WHAT IS BEING ASKED: Among the lines below, keep only those from the one containing "We know first" through the one containing "A Balinese police", and reproduce them exactly.

STUDY MATERIAL:
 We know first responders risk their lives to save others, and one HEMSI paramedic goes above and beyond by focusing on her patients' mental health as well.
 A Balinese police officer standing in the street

--

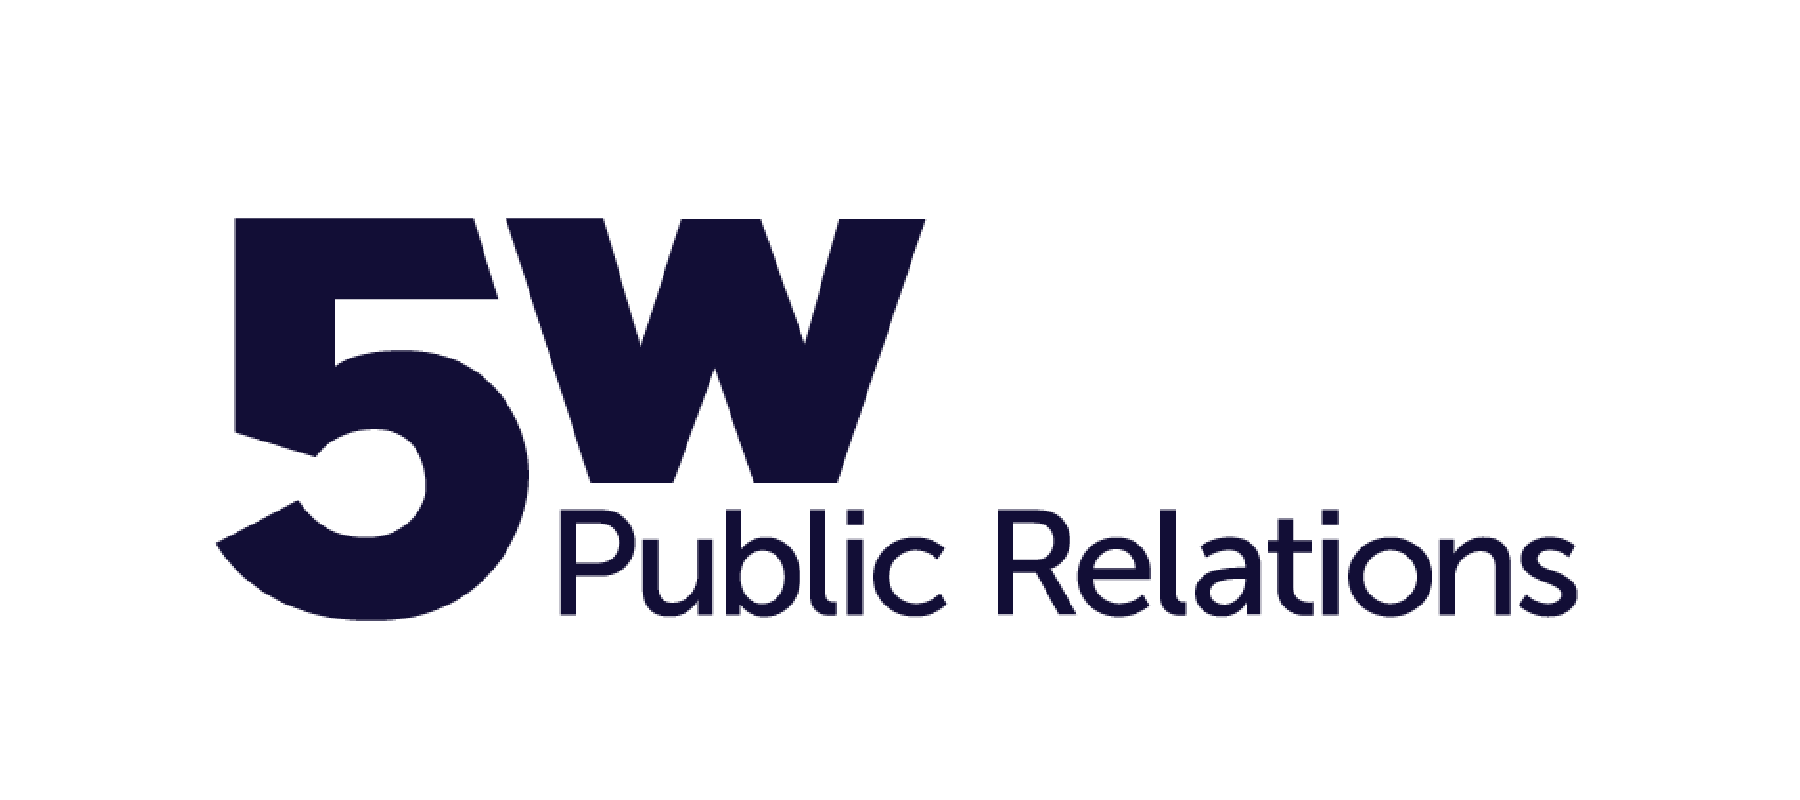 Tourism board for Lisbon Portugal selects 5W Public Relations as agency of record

TASK RESULT:
 We know first responders risk their lives to save others, and one HEMSI paramedic goes above and beyond by focusing on her patients' mental health as well.
 A Balinese police officer standing in the street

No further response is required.